The main militant group in Nigeria's oil-producing Niger Delta warned today it would end its ceasefire and attack military targets in retaliation for the killing by soldiers of a gang leader in the region.
"MEND has decreed today every soldier in uniform inside the Niger Delta region as a fair target," the Movement for the Emancipation of the Niger Delta (MEND) said in a statement.
"Our first spectacular urban attack on a military patrol will announce the end of the ceasefire."
The Nigerian military said yesterday it had shot and killed a gang leader who spearheaded violent clashes between rival factions over control of a lucrative trade in stolen oil.

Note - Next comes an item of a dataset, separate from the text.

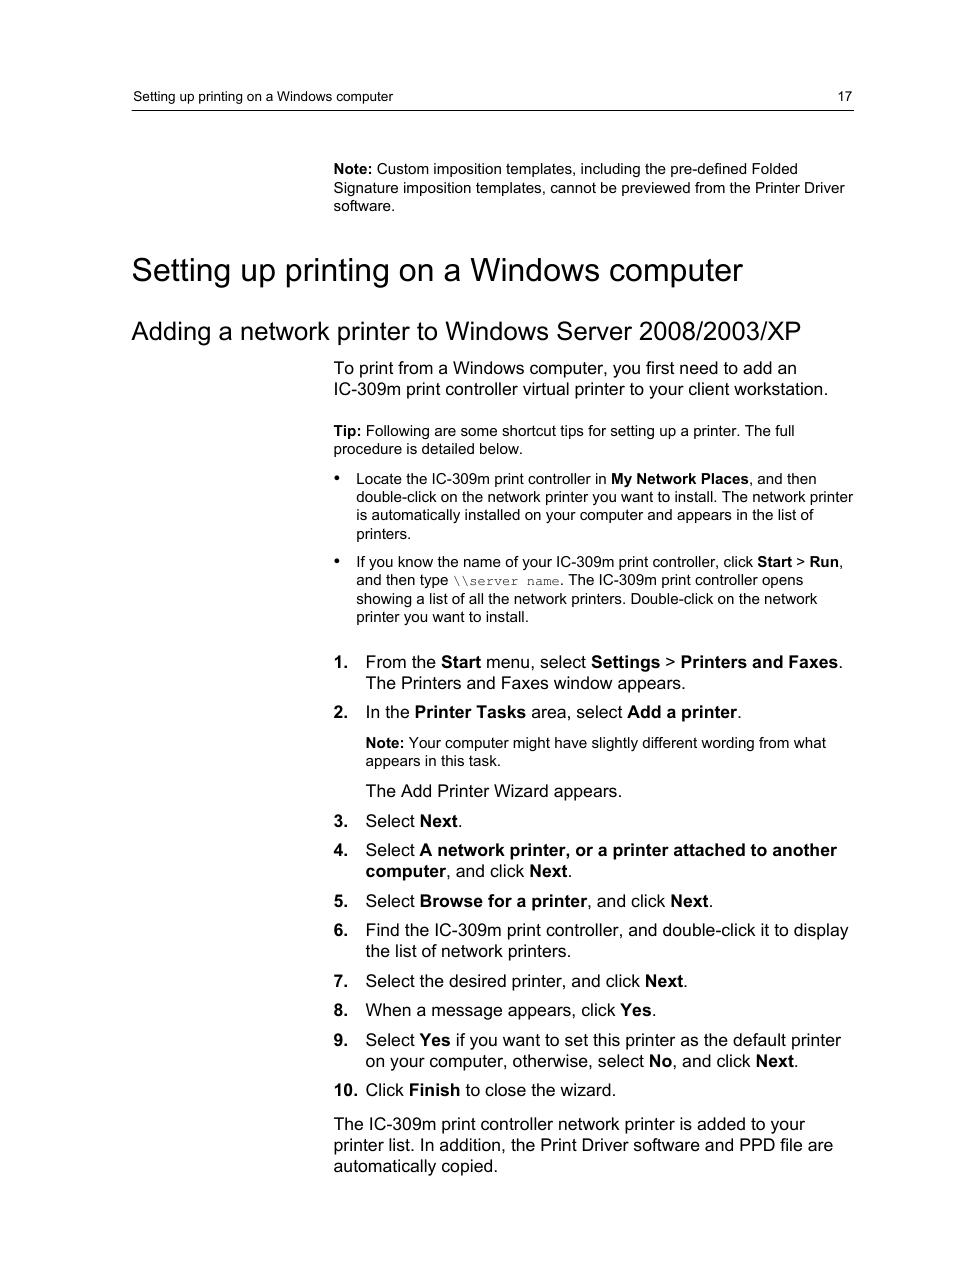 Setting up printing on a windows computer   Konica Minolta bizhub

Tubotamuno Angolia, also known as "Boy Chiki", was arrested in the Bakana district of Rivers state but was shot when he tried to escape, Lieutenant Colonel Sagir Musa, spokesman for the joint military taskforce in Rivers, said.

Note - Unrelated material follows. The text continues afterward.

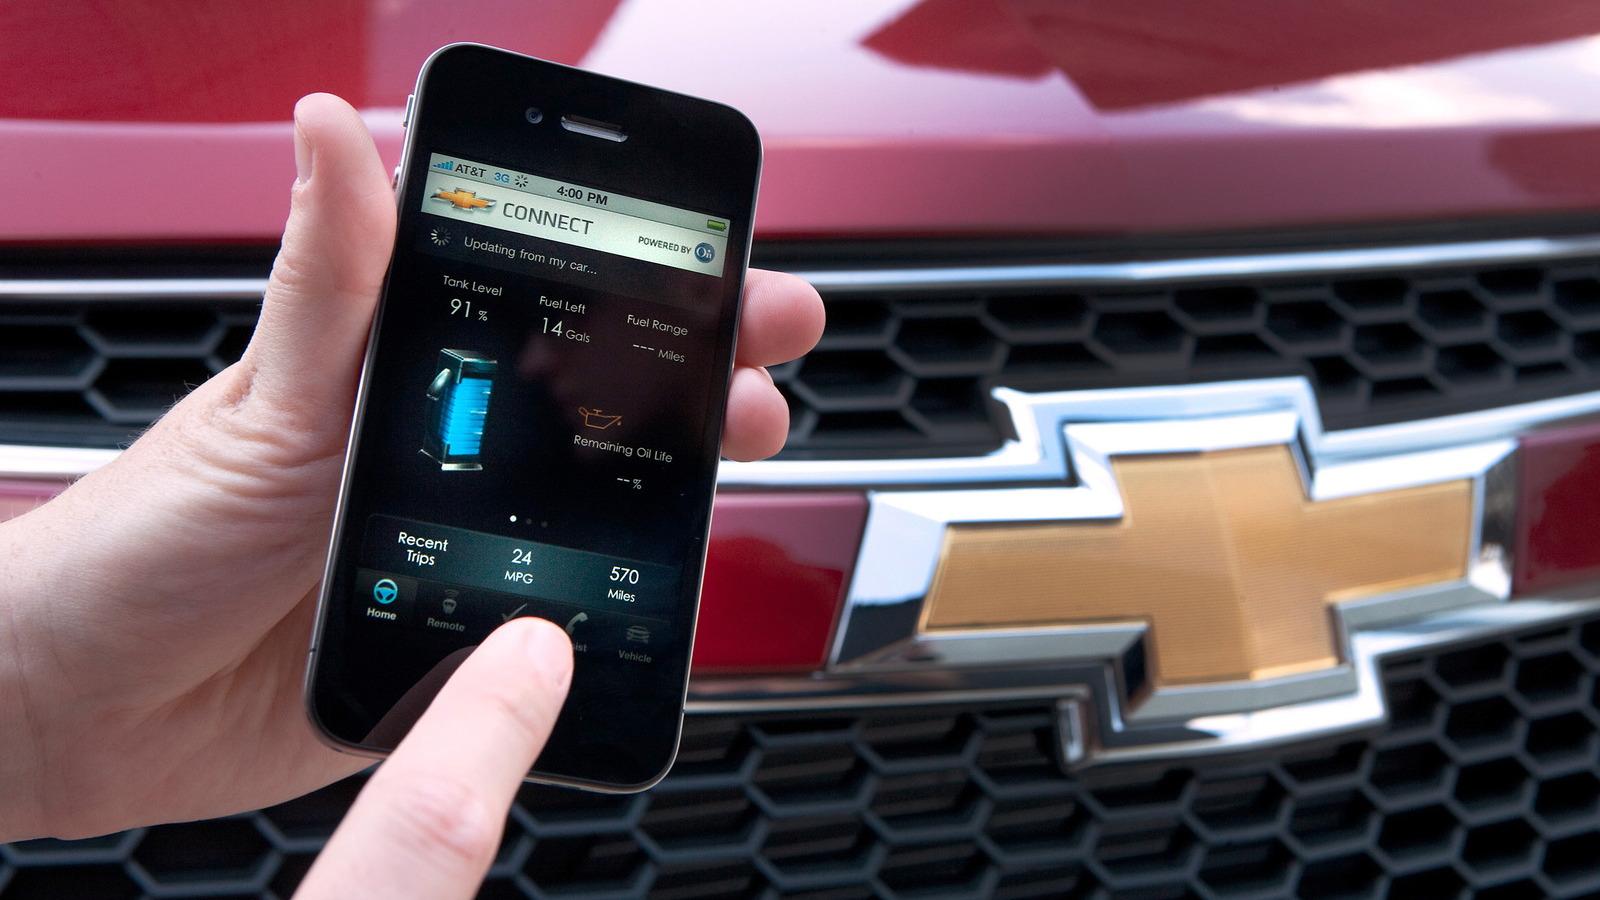 GM's OnStar smartphone app technology

MEND rejected that version of events, saying Angolia had been handcuffed, urinated and spat on before being executed. It said Angolia was not a member of MEND, but said such killings by the security forces were becoming "a common practice endorsed by the Nigerian government" in the Niger Delta.
The militant group, which has been holding two British oil workers hostage for four months, began a unilateral ceasefire in the Niger Delta in late September following a week of clashes with the military and attacks on oil industry installations.
MEND's three-year old campaign of violence has cut oil output from Nigeria, the world's eighth biggest exporter, by around a fifth. It has threatened in the past to end its September ceasefire but has so far not launched any significant attacks.